Microiontophoretic (local) application of IFN, Nal, and 5HT on the single neuronal activity of 5 brain locations reverses the effect of morphine [44,45], suggesting that IFN, Nal, and 5HT modulate the morphine effects. Moreover, the endogenous level of IFN was reported to be reduced by repetitive morphine applications [32,33]. We hypothesized that application of IFN attenuates significantly and/or reverses the morphine withdrawal expression [34,46-50]. Alpha-interferon is an endogenous protein that possesses non-specific potent antiproliferation properties toward immunomodulatory activity.
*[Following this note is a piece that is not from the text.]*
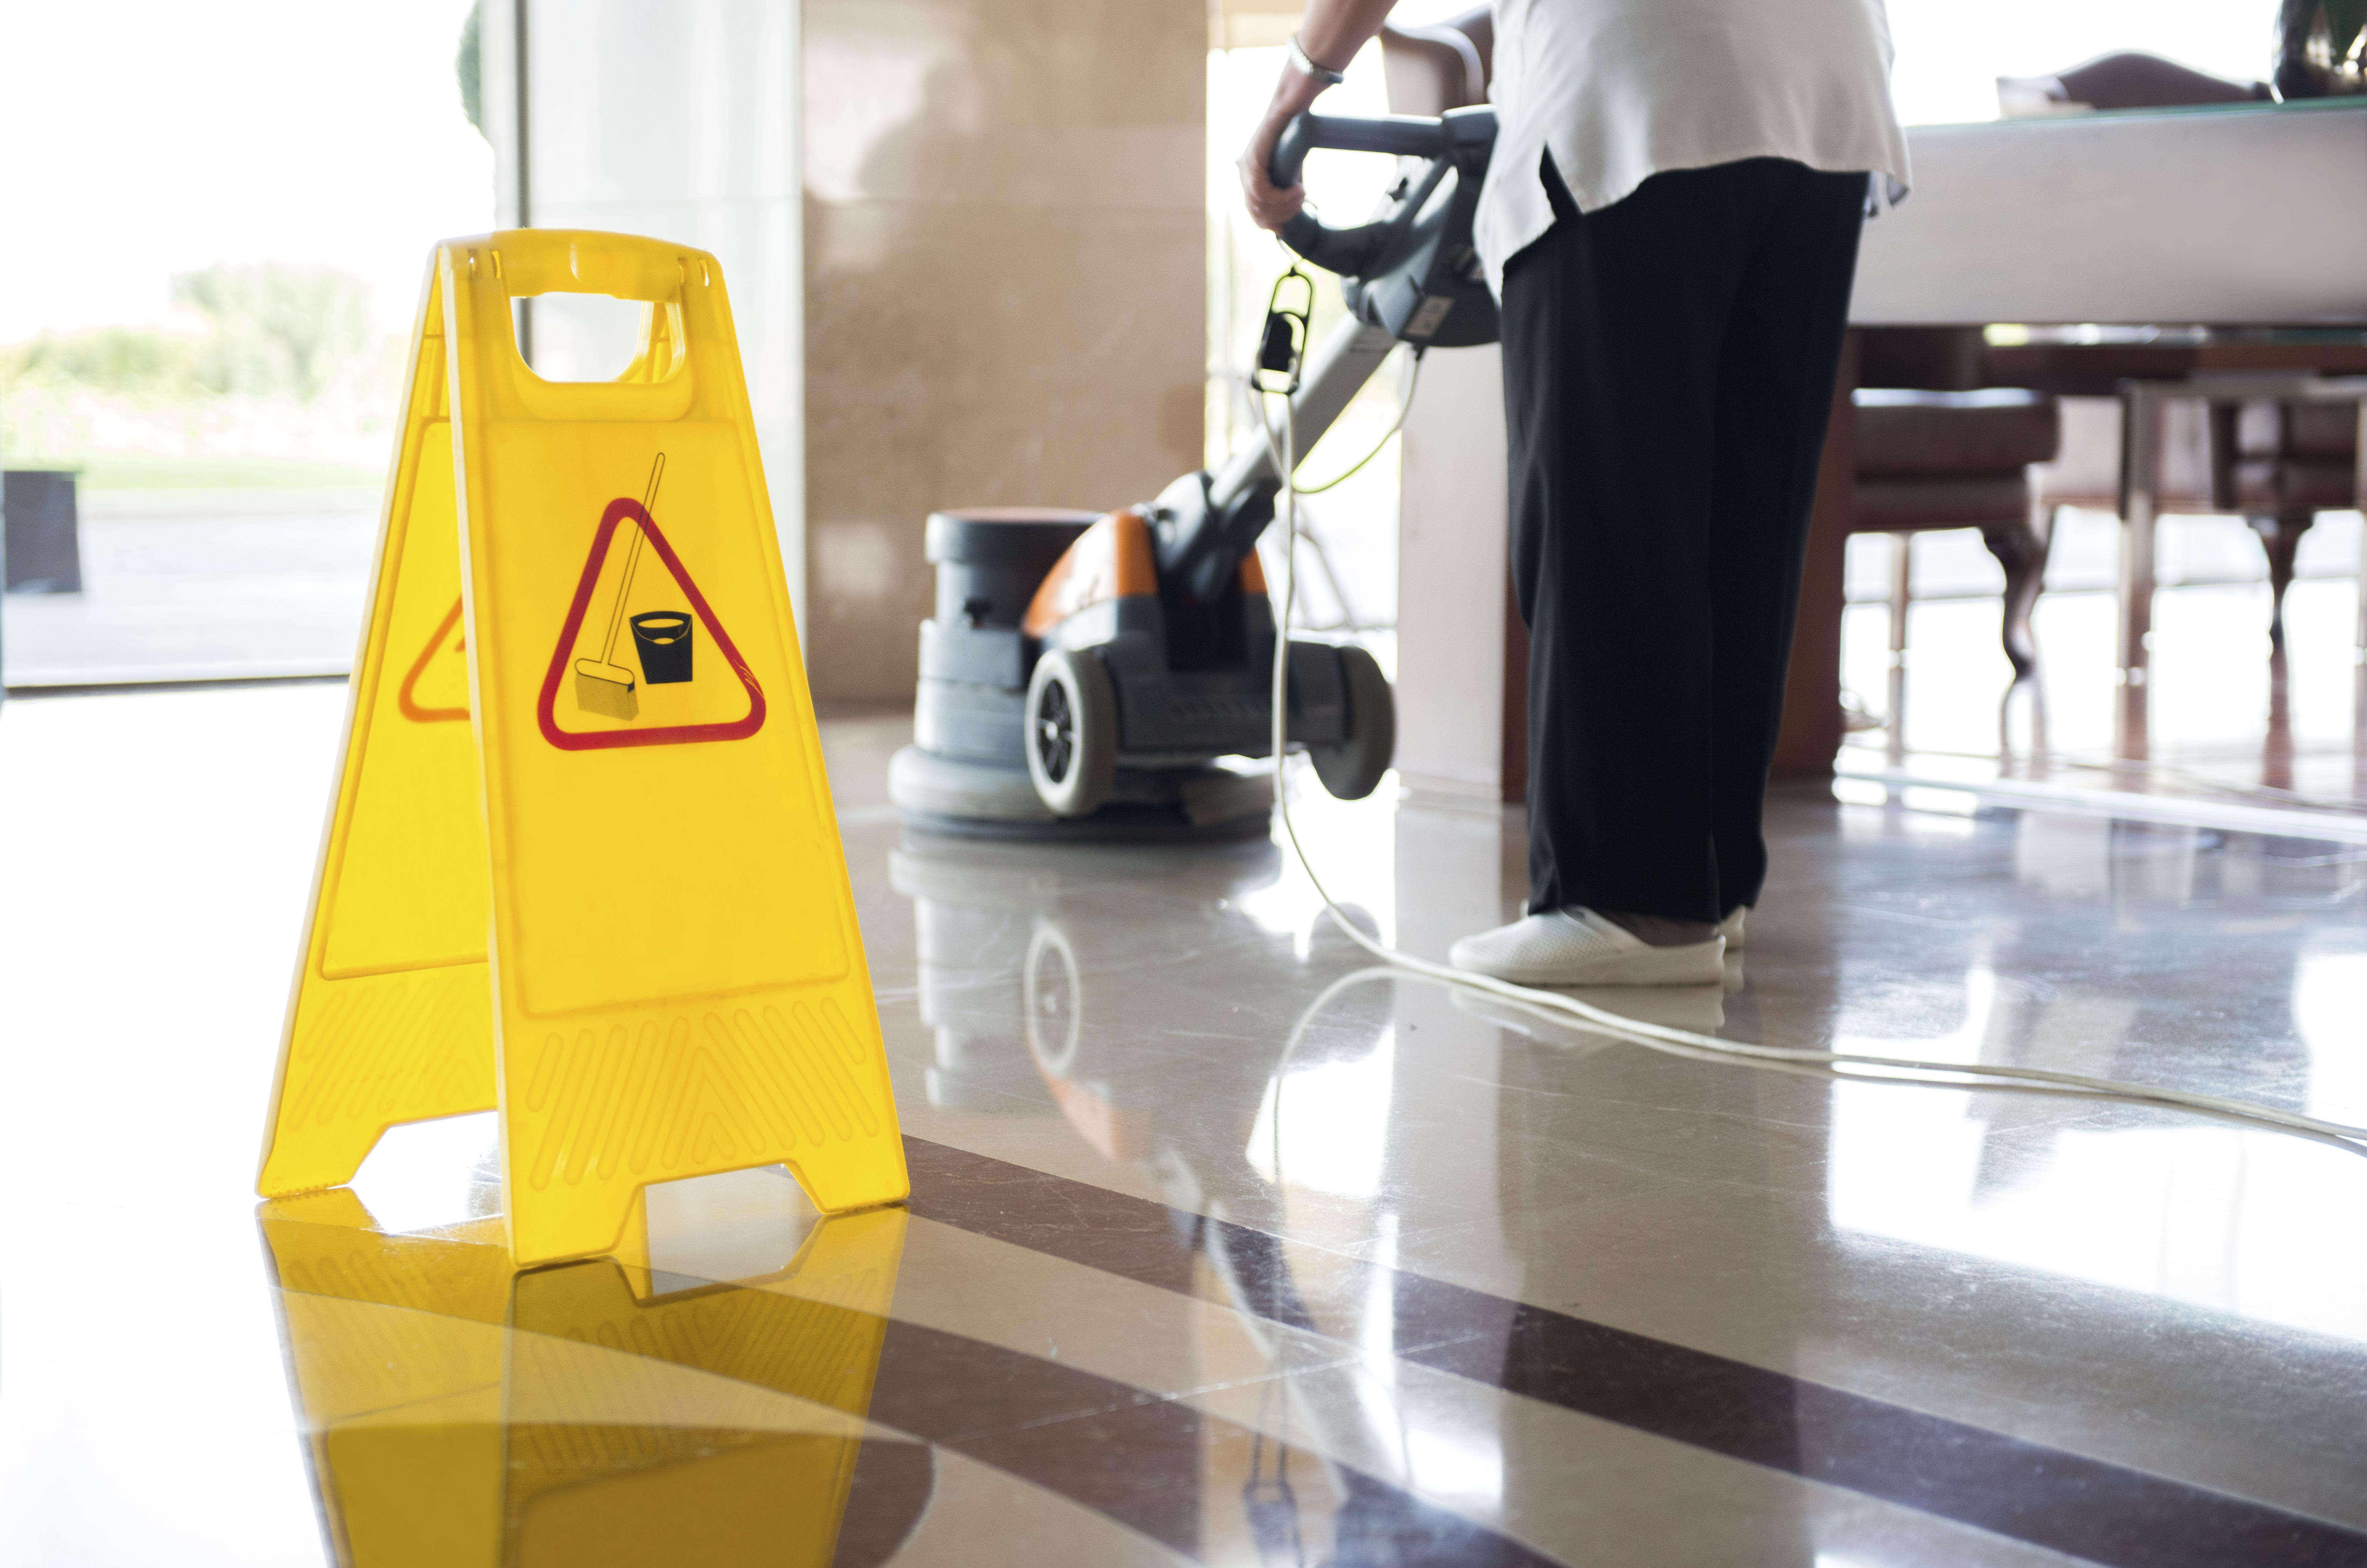 Limpieza de comunidades: SERVICIOS DE LIMPIEZA de Gracia Limpiezas Integrales
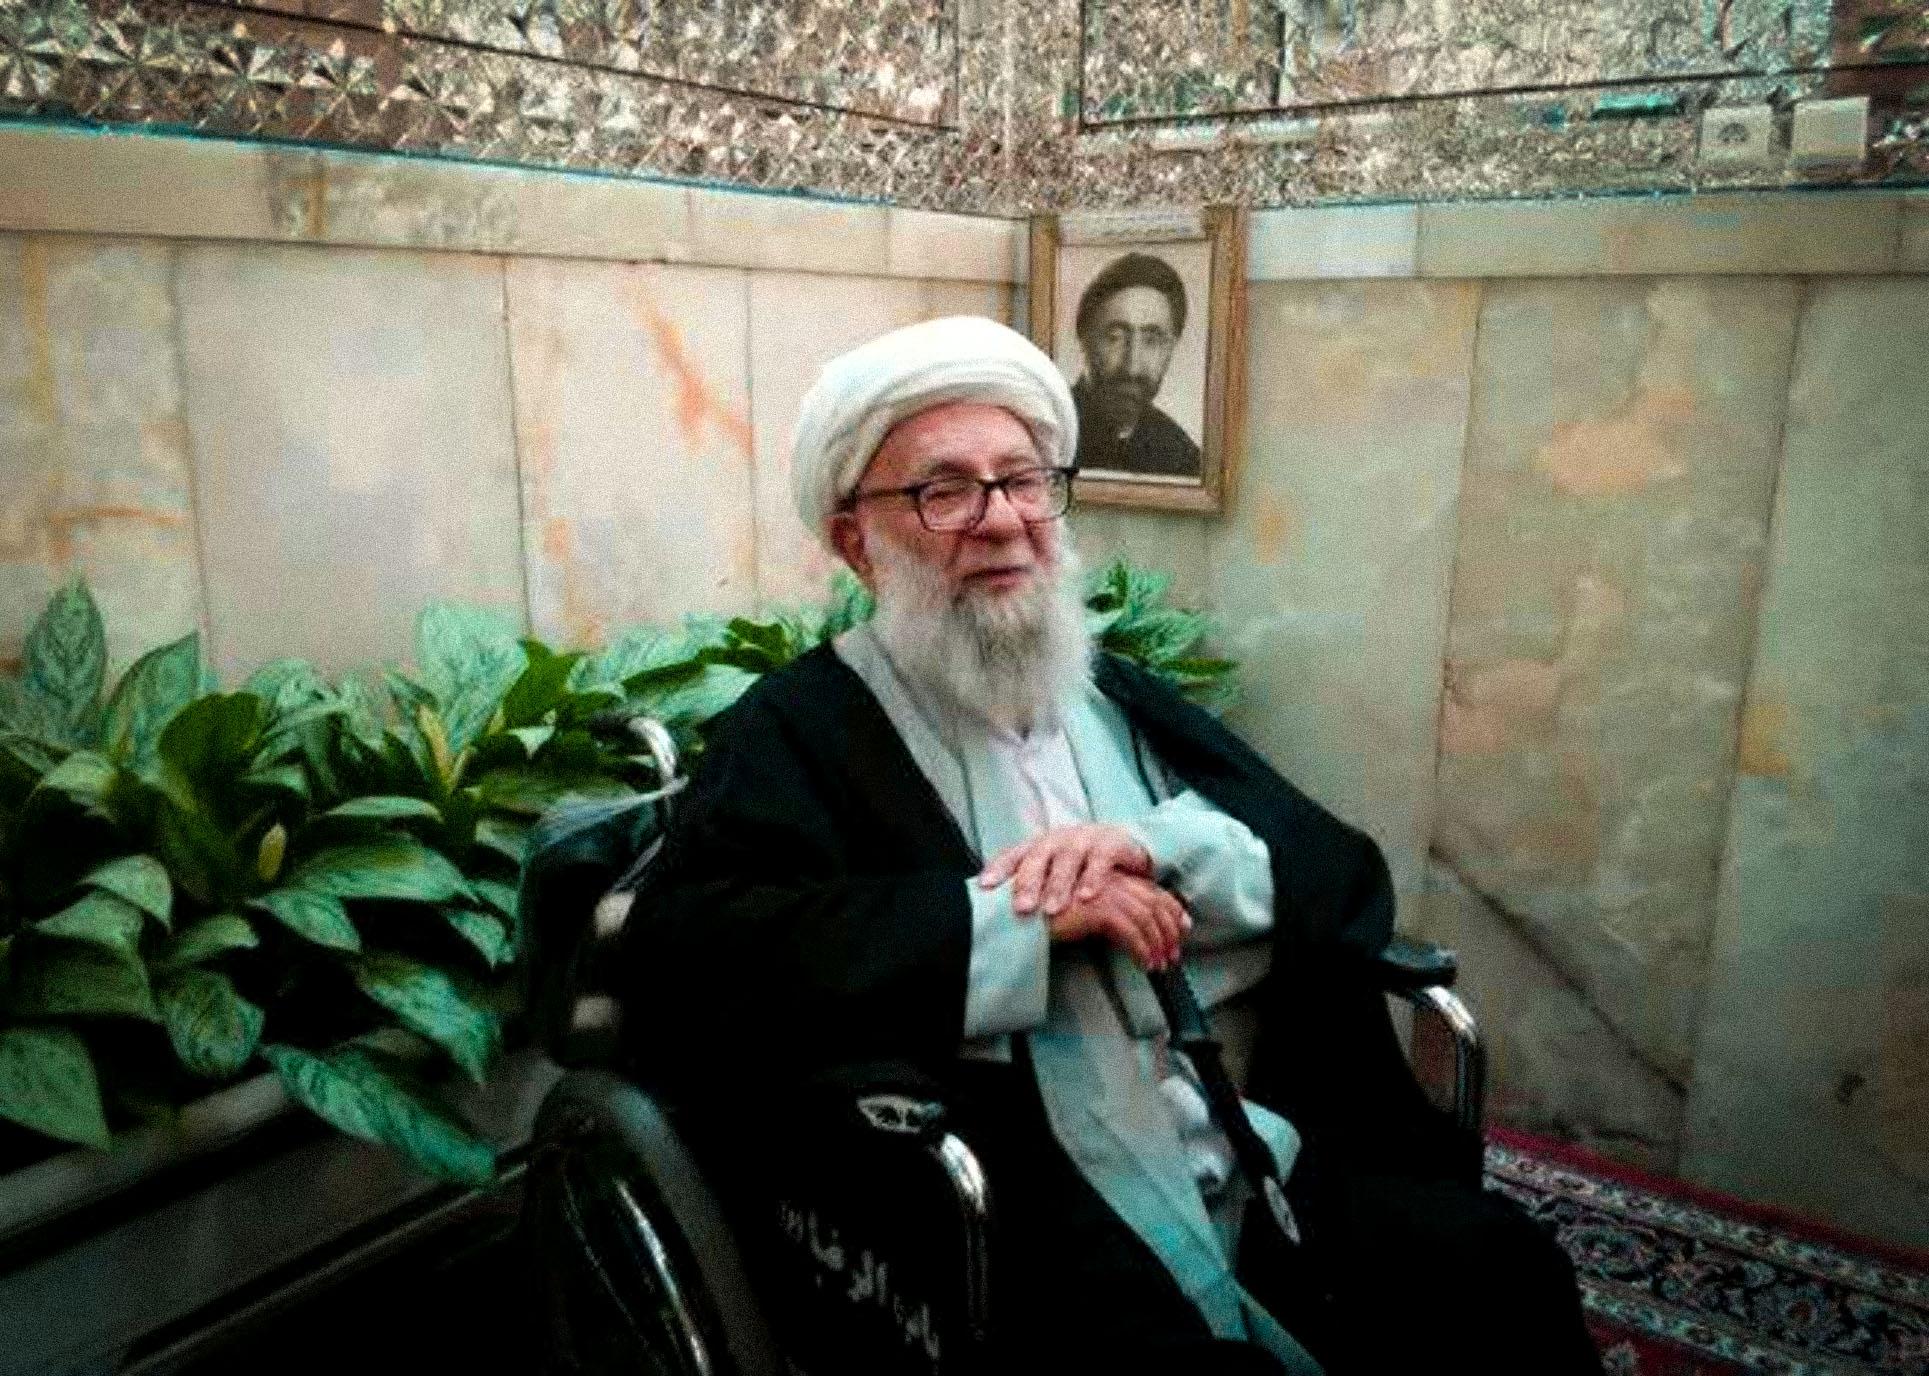 پیام تسلیت نماینده مقام معظم رهبری در گیلان درپی ارتحال آیت الله شریفی اشکوری

It rapidly produces a defense against foreign molecules [51,52] and is used for the treatment of chronic viral infections and malignant disorders [53]. Reyes-Vazquez et al., [33,45,53] reported that IFN modulates opiate-mediated phenomena by direct action on brain areas participating in the regulation of pain, temperature and food intake. Hori et al., [54] reported that IFN affects the central opiate receptors on neuronal membranes and on microglial cells, Reyes-Vazquez et al., [53] and Dougherty et al., [50] reported that in addition to opiate modulation, IFN modulates dopamine, serotonin and glutamate neurotransmitter systems as well endocrinologic and immunologic systems. Moreover, there is some structural similarity between IFN and endogenous endorphin [53,54].
Morphine consumption decreases the level of endogenous circulating IFN. Exogeneous IFN application modulate the immune system and leads to changes that reduce dopamine signaling and thus modifying the morphine effect that elicits dependency [55,56].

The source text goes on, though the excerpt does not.